We crossed over to the North side of the Han and began our long journey East. Ashlee and I took turns riding in front to create a drag for the person in back and found a smooth rhythm as we cruised through parks and fields. After about 15 miles of riding, we began to leave the sounds of the city behind and entered into the countryside. We passed through corridors of trees that formed natural tunnels and climbed the path that was cut into the walls of the hills hanging over the river. With the sun beginning to slide behind the mountains, we entered into family owned farms and knew we were getting close to our destination. By the time we arrived at Stonehill Pension, the night had taken over and we were fairly spent from the ride which took us about 3.5 hours to cover 42 miles.
Stonehill Pension (http://naver.me/5EfULBiN) is an amazing spot located on a beautiful overlook sitting above Yangpyeong. Their yurts come with wood stoves, refrigerators, and voltage to power the electric blanket on our bed. For the two nights that we stayed there, the temperatures dipped close to freezing and so we stayed warm by the fire and BBQ pits. The days were warm and we soaked up the sun as we laid around in the grass and fell into relaxation bliss.
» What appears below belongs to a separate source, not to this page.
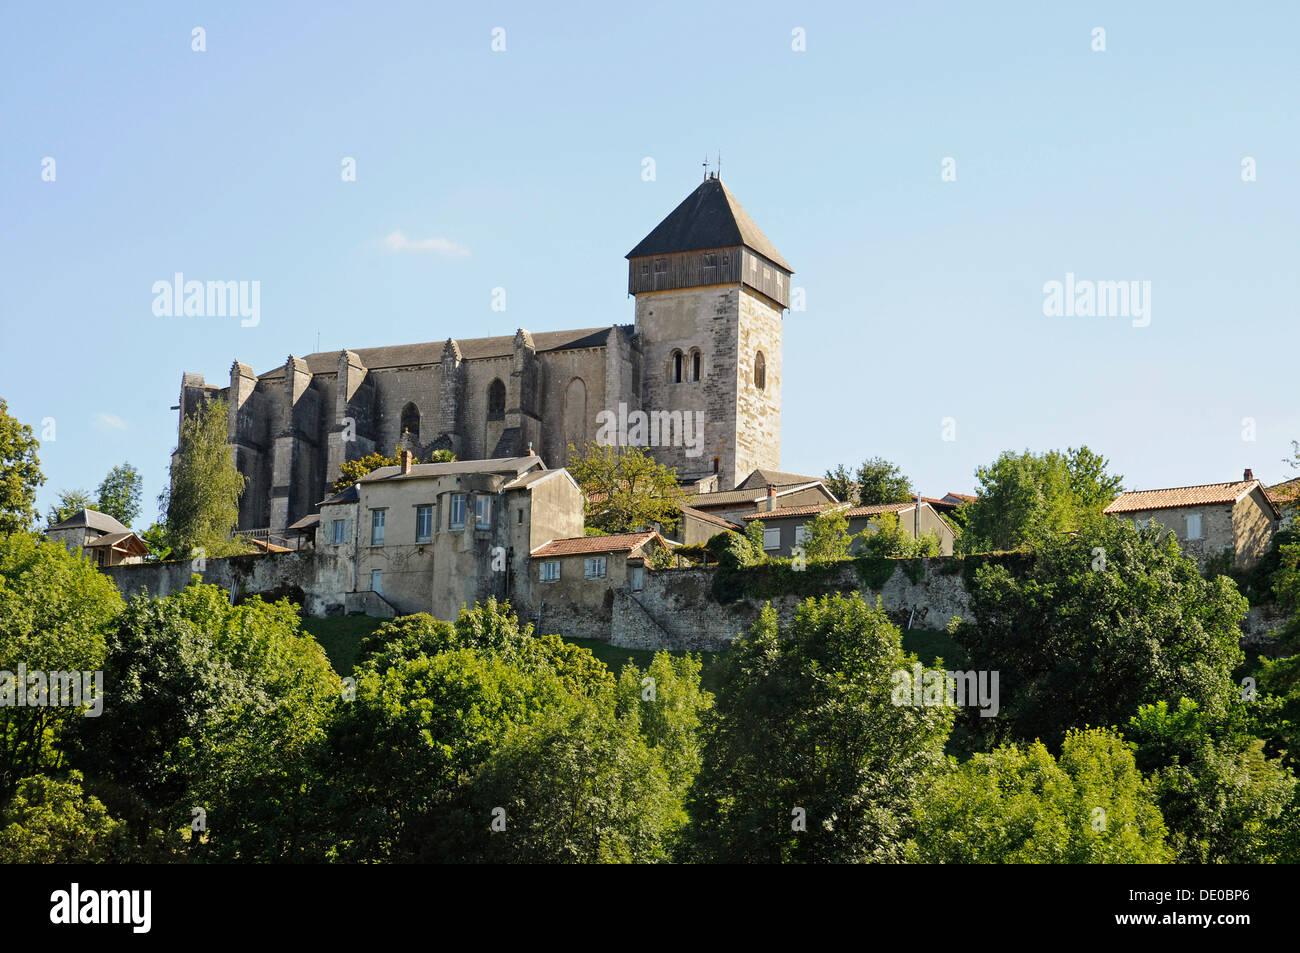 Notre Dame Cathedral, Way of St. James, Camino de Santiago trail, Saint-Bertrand-de-Comminges, Midi-Pyrénées, Pyrenees - Stock Image

On the second night, the gracious owners put on a communal bonfire accompanied with smores as people gathered around the flames. I was consumed by the dancing flicker that provided a quality episode of caveman television. The stars pecked holes through the blackened sky and I felt lost in their time lapse from light years away. Our bike ride home on the following day included several stops along the Han as we were in no rush to enter back into the hum of reality.